Common Interview Mistakes

  • ❌ Not explaining the celebrity fan-out problem and the 1M-follower threshold
  • ❌ Designing a synchronous fan-out — blocks tweet creation at peak load
  • ❌ Not distinguishing home timeline (fan-out) from user/profile timeline (direct DB read)
  • ❌ Using offset pagination — creates duplicate/skipped tweets on a live feed
  • ❌ Storing like counts with DB row-level increments — Cassandra hot partition on viral tweets
  • ❌ No caching layer — 70K timeline reads/sec cannot be served from Cassandra directly
  • ❌ Using LIKE '%keyword%' for search — full table scan at billions of tweets
  • ❌ Trending topics based on total volume, not rate of increase — misses what's actually trending
  • ❌ No cold-start plan for inactive users whose timeline cache has expired
  • ❌ No rate limiting discussion — Twitter's rate limits are a core part of its API design

Interview Questions

  1. How does Twitter's home timeline differ from a user's profile timeline?
  2. What is the fan-out problem? How does Twitter handle a tweet from a user with 100M followers?
  3. Why is fan-out done asynchronously via Kafka?
  4. How do you decide whether to push a tweet (fan-out on write) or pull it (fan-out on read)?
  5. How is the home timeline stored in Redis? What data structure is used?
  6. What happens when an inactive user's timeline cache has expired (cold start)?
  7. How do you handle the case where a new follower needs to see a celebrity's historical tweets?
  8. Why is cursor-based (max_id) pagination better than offset pagination for Twitter?
  9. How is Elasticsearch used for real-time tweet search?
  10. How do trending topics work?
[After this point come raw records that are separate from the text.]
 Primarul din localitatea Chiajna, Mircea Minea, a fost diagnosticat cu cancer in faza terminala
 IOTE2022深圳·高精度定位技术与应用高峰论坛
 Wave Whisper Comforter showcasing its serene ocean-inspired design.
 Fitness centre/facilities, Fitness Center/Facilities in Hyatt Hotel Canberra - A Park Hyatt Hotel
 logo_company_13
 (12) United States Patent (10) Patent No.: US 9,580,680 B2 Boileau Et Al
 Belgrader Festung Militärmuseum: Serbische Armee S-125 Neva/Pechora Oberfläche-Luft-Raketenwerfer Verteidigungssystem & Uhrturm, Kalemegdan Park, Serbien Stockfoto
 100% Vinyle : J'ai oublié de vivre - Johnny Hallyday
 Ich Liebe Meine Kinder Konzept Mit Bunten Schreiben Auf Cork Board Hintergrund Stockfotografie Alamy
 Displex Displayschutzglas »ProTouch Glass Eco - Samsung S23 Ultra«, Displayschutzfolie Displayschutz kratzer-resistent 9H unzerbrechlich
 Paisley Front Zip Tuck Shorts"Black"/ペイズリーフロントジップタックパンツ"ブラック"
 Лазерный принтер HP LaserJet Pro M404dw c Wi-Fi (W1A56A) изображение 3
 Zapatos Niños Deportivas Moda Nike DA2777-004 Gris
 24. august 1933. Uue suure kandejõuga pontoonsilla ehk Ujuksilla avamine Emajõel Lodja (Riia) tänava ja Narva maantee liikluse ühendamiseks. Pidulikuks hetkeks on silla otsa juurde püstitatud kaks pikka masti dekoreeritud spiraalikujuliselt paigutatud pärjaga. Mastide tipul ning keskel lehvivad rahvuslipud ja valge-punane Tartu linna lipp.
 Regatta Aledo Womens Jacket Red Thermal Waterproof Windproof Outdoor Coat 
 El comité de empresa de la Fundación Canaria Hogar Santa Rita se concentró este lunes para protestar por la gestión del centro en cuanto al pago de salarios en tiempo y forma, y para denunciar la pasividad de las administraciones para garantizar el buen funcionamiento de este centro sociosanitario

What is the difference between volume and rate-of-increase?
  11. How do you prevent a viral tweet from hot-spotting a single Cassandra partition?
  12. How does Twitter rate limiting work technically?
  13. What happens if the Redis timeline cache cluster goes down?
  14. How do you ensure tweet ordering is preserved in Cassandra using Snowflake IDs?
  15. How would you design the "For You" algorithmic timeline tab alongside the chronological tab?

Summary

Concern Solution
Tweet persistence Cassandra — partitioned by author_id, clustered by tweet_id DESC
Fan-out Hybrid — push to Redis for ≤1M followers; pull from Tweet Store for celebrities
Fan-out pipeline Async Kafka — tweet ACK returned before fan-out; workers consume in parallel
Home timeline cache Redis Sorted Set per user — tweet_ids scored by Snowflake ID
Timeline cold start Rebuild from Cassandra timeline store; celebrities merged at read time
Like/retweet counts Redis INCR counters — async flush to Cassandra every 30 seconds
Search Elasticsearch — NRT indexing via Kafka; full-text + hashtag + geo
Trending topics Redis sliding window buckets — rate-of-increase, not total volume
Notifications Async Kafka pipeline — batched to avoid 10K push notifications per viral tweet
Rate limiting Redis sliding window counters at API Gateway
Media storage Pre-signed S3 upload + CDN delivery — no media through app servers
Scale Stateless services + Kafka partitioning + Redis Cluster + Cassandra RF=3
Multi-region Read local, write primary, async replication, eventual consistency (< 10s)

The core principle: Twitter's home timeline is a fan-out delivery problem. The push-pull hybrid at the 1M-follower threshold, combined with Redis sorted sets for fast assembly, is what makes real-time chronological timelines possible at 200M daily users.